Return, exactly and in full, the lines of the records below starting at the one with "ビットコインってどんなものなの?分かりやすく教えてほしい。" and ending at the one with "Glorex 3803?833?6?Styrofoam Half", and no other lines.
(Given records begins)
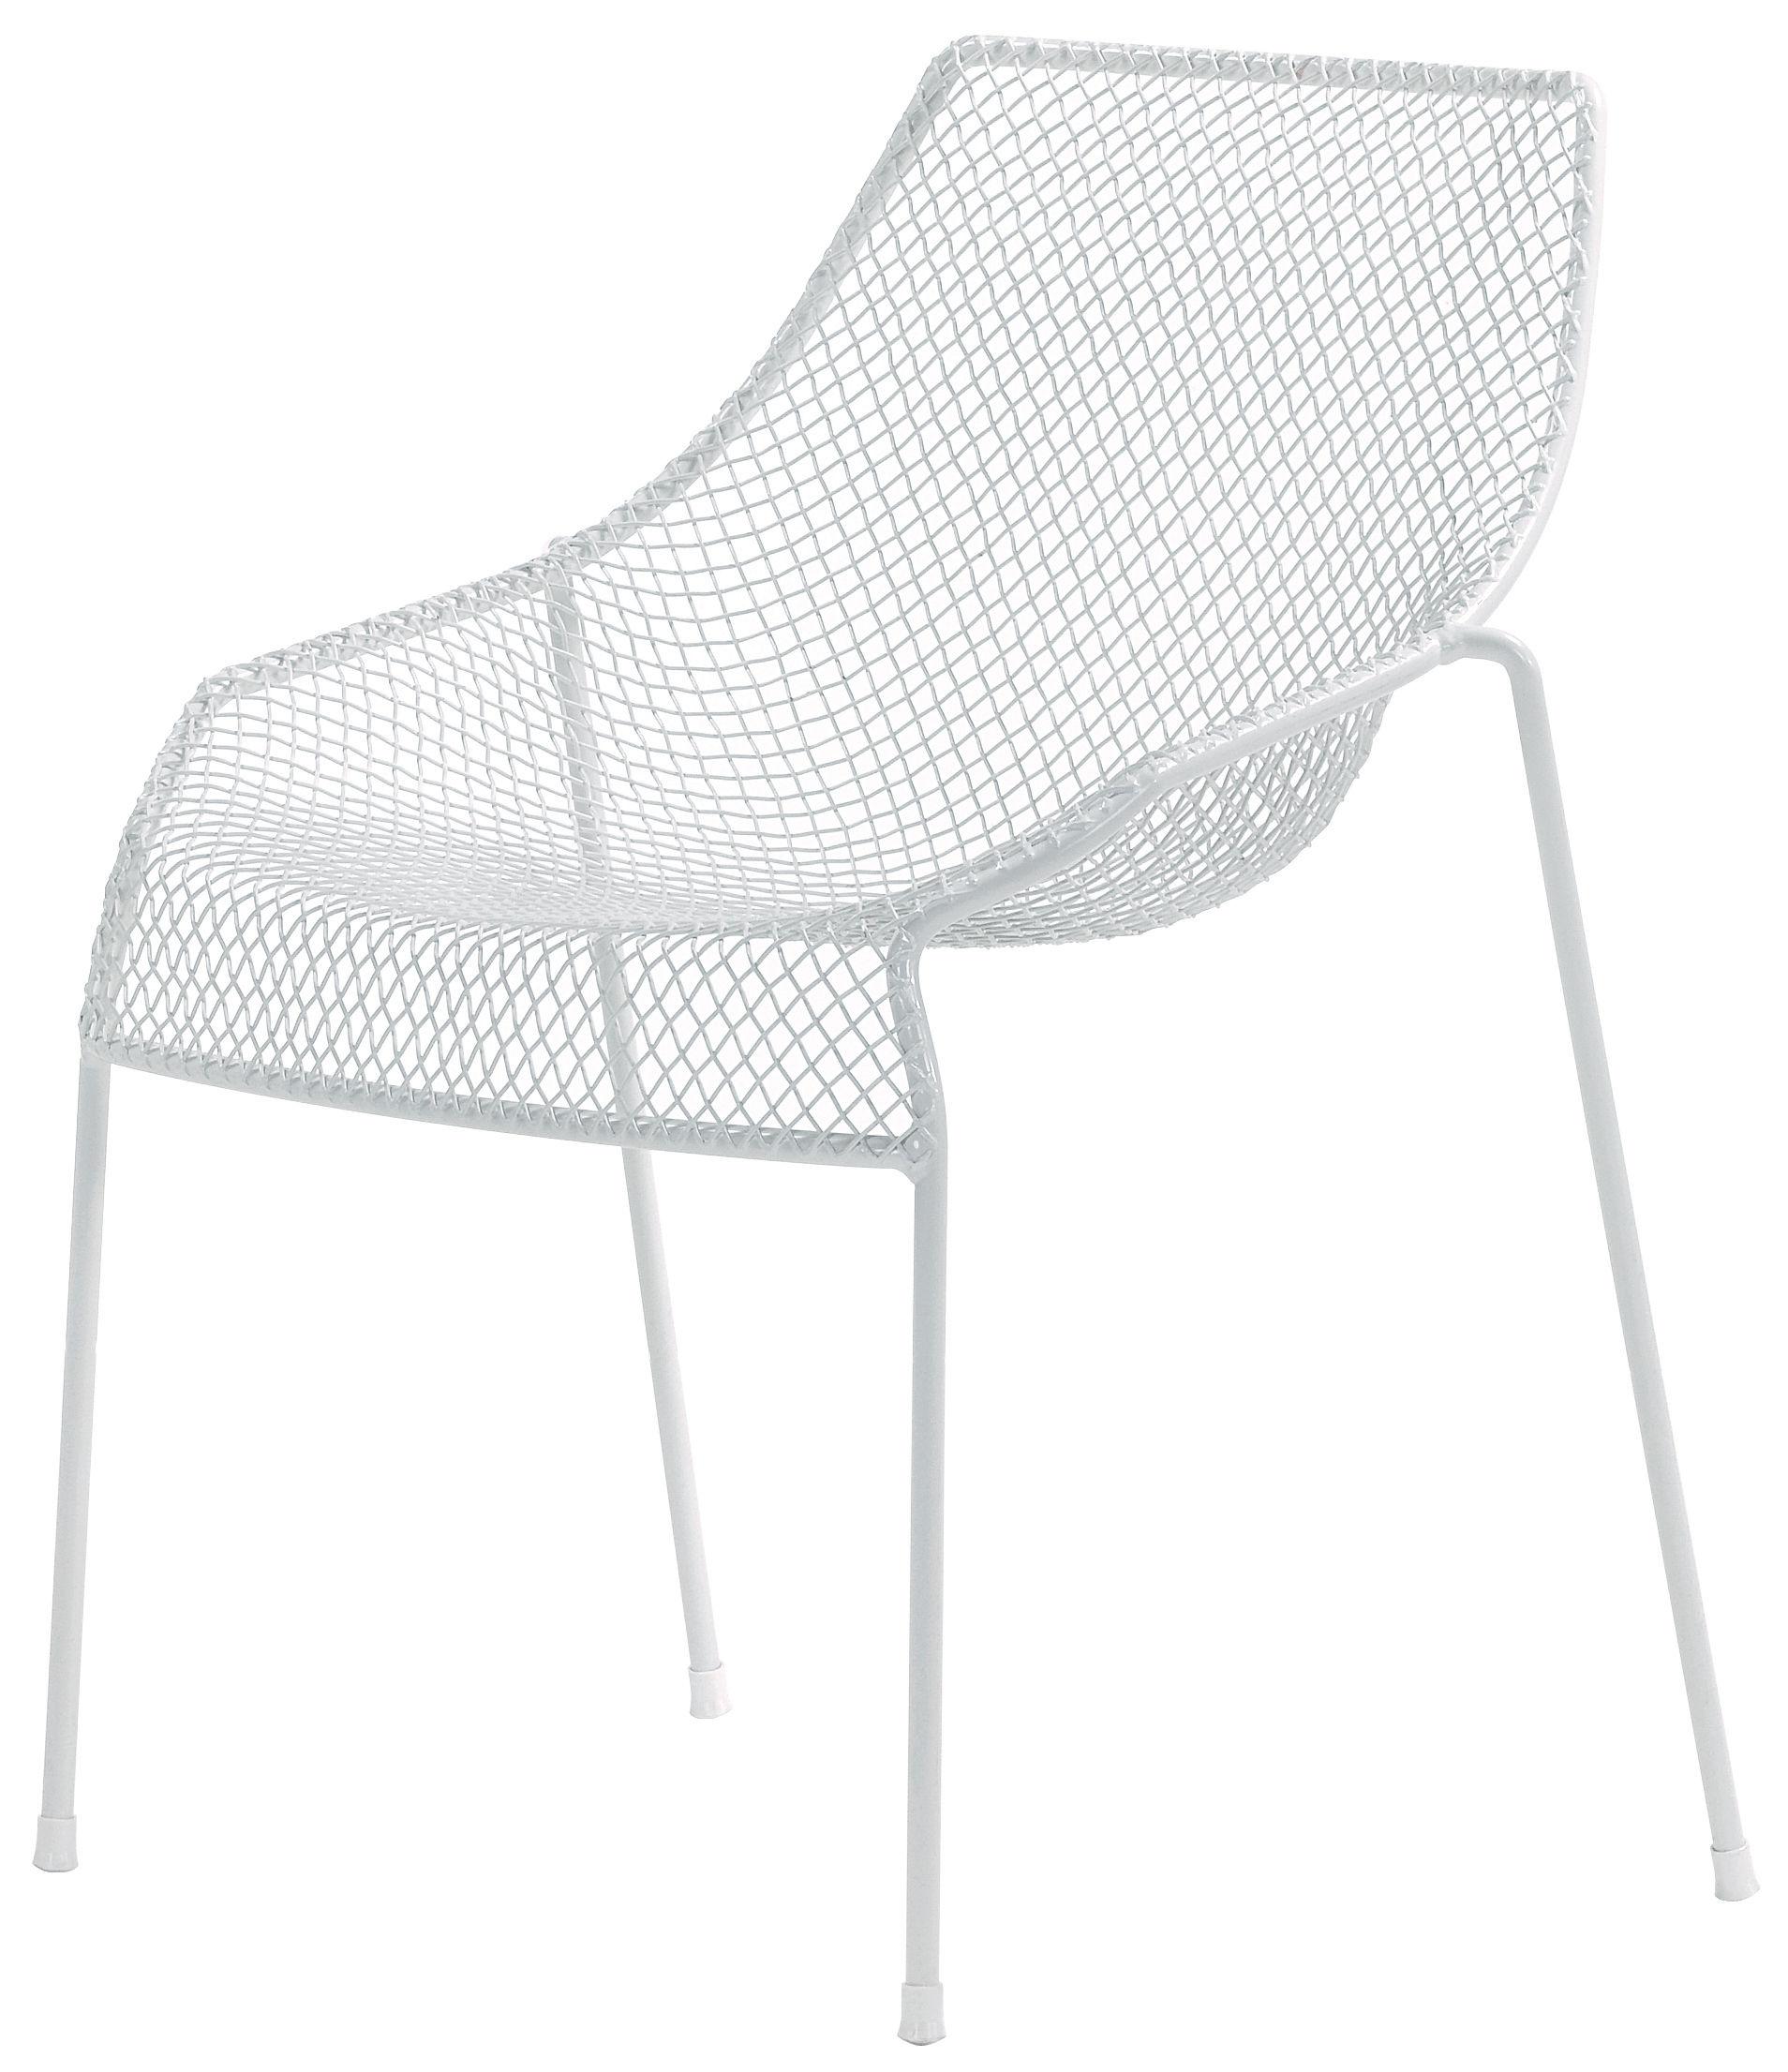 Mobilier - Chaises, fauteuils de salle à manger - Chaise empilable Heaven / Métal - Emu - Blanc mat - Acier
(Given records ends)
(Given records begins)
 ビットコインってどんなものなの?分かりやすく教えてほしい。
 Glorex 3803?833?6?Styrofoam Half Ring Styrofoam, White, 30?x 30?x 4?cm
(Given records ends)
Written response:
 ビットコインってどんなものなの?分かりやすく教えてほしい。
 Glorex 3803?833?6?Styrofoam Half Ring Styrofoam, White, 30?x 30?x 4?cm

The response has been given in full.